Thu, 20 Aug 2020 13:30:16 +0000
Wed, 19 Aug 2020 15:28:47 GMT

Here is how I tried parsing these Strings:

Date pubDate = org.apache.commons.lang3.time.DateUtils.parseDate(dateString, 
    "EEE, dd MMM yyyy HH:mm:ss Z", "EEE, dd MMM yyyy HH:mm:ss zzz");

As far as I can tell this should work, but I am getting java.text.ParseException: Unable to parse the date: Wed, 19 Aug 2020 15:28:47 GMT exceptions for both those examples. What am I doing wrong here?

3

There are 3 best solutions below

0
On BEST ANSWER

Your format is built into java.time

Use DateTimeFormatter.RFC_1123_DATE_TIME; it works for both of your strings. It’s really the same format, only with the offset from UTC (or GMT) denoted differently. DateTimeFormatter is part of java.time, the modern Java date and time API. I recommend that you prefer java.time over Date and DateUtils, also because the Date class is poorly designed and long outdated.
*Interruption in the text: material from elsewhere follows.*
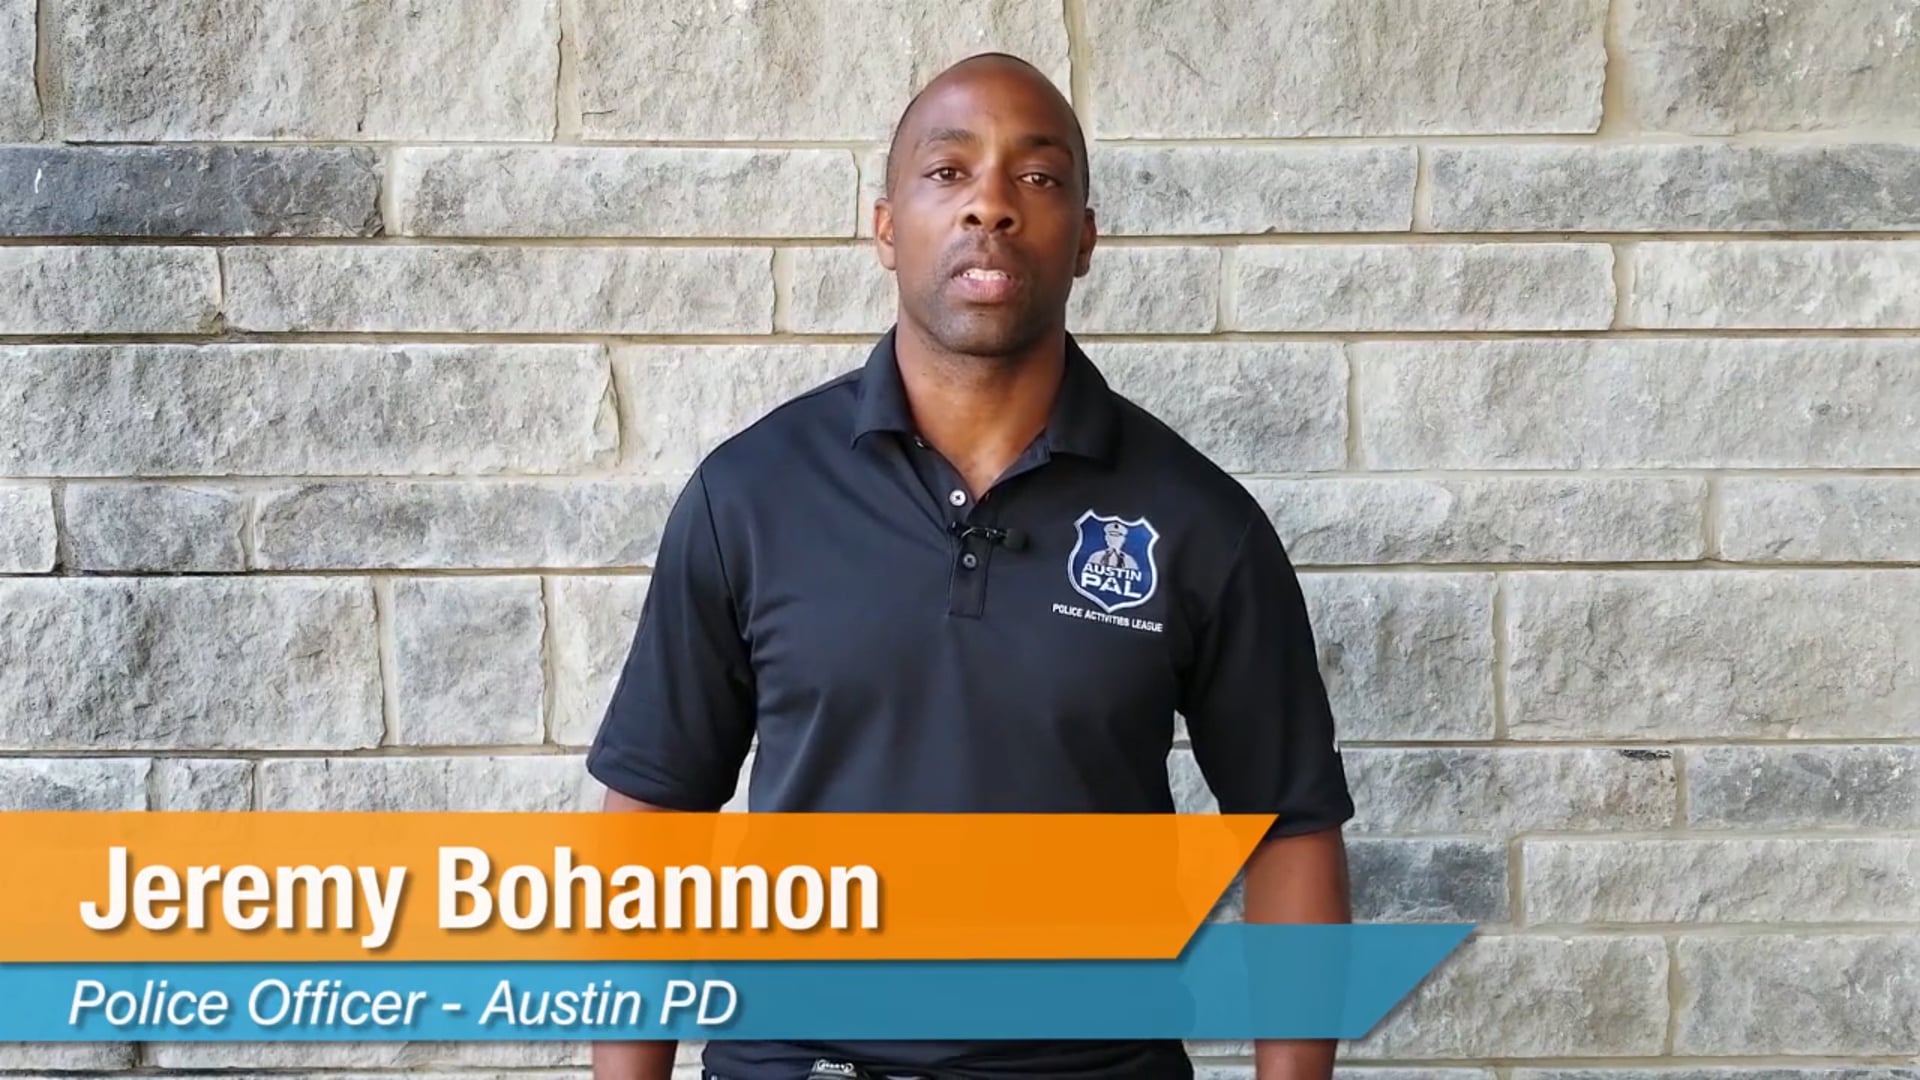 Tips for Success - Police Officer - Jeremy Bohannon

    String s = "Thu, 20 Aug 2020 13:30:16 +0000";
    OffsetDateTime dt = OffsetDateTime.parse(s, DateTimeFormatter.RFC_1123_DATE_TIME);
    System.out.println(dt);

Output is:

2020-08-20T13:30:16Z

Let’s try with your other string example:

    String s = "Wed, 19 Aug 2020 15:28:47 GMT";

2020-08-19T15:28:47Z

Question: Doesn’t java.time require Android API level 26?

java.time works nicely on both older and newer Android devices. It just requires at least Java 6.

  • In Java 8 and later and on newer Android devices (from API level 26) the modern API comes built-in.
  • In non-Android Java 6 and 7 get the ThreeTen Backport, the backport of the modern classes (ThreeTen for JSR 310; see the links at the bottom).
  • On older Android either use desugaring or the Android edition of ThreeTen Backport. It’s called ThreeTenABP. In the latter case make sure you import the date and time classes from org.threeten.bp with subpackages.

Links

0
On

Your time zones are in 2 different formats: https://docs.oracle.com/javase/7/docs/api/java/text/SimpleDateFormat.html

The first one looks like it follows the format:

EEE, dd MMM yyyy HH:mm:ss Z", "EEE, dd MMM yyyy HH:mm:ss Z

While the second is of the format:

EEE, dd MMM yyyy HH:mm:ss Z", "EEE, dd MMM yyyy HH:mm:ss z
1
On

I do not see any problem with your formats.

Demo:

import java.text.ParseException;
import java.util.Date;

public class Main {
    public static void main(String[] args) throws ParseException {
        String[] dateStrings = { "Wed, 19 Aug 2020 15:28:47 GMT", "Thu, 20 Aug 2020 13:30:16 +0000" };
        for (String dateString : dateStrings) {
            Date pubDate = org.apache.commons.lang3.time.DateUtils.parseDate(dateString, "EEE, dd MMM yyyy HH:mm:ss Z",
                    "EEE, dd MMM yyyy HH:mm:ss zzz");

            System.out.println(pubDate);
        }
    }
}

Output:

Wed Aug 19 16:28:47 BST 2020
Thu Aug 20 14:30:16 BST 2020

However, I strongly suggest you stop using the outdated and error-prone java.util date-time API and SimpleDateFormat. Switch to the modern java.time date-time API and the corresponding formatting API (java.time.format). Learn more about the modern date-time API from Trail: Date Time.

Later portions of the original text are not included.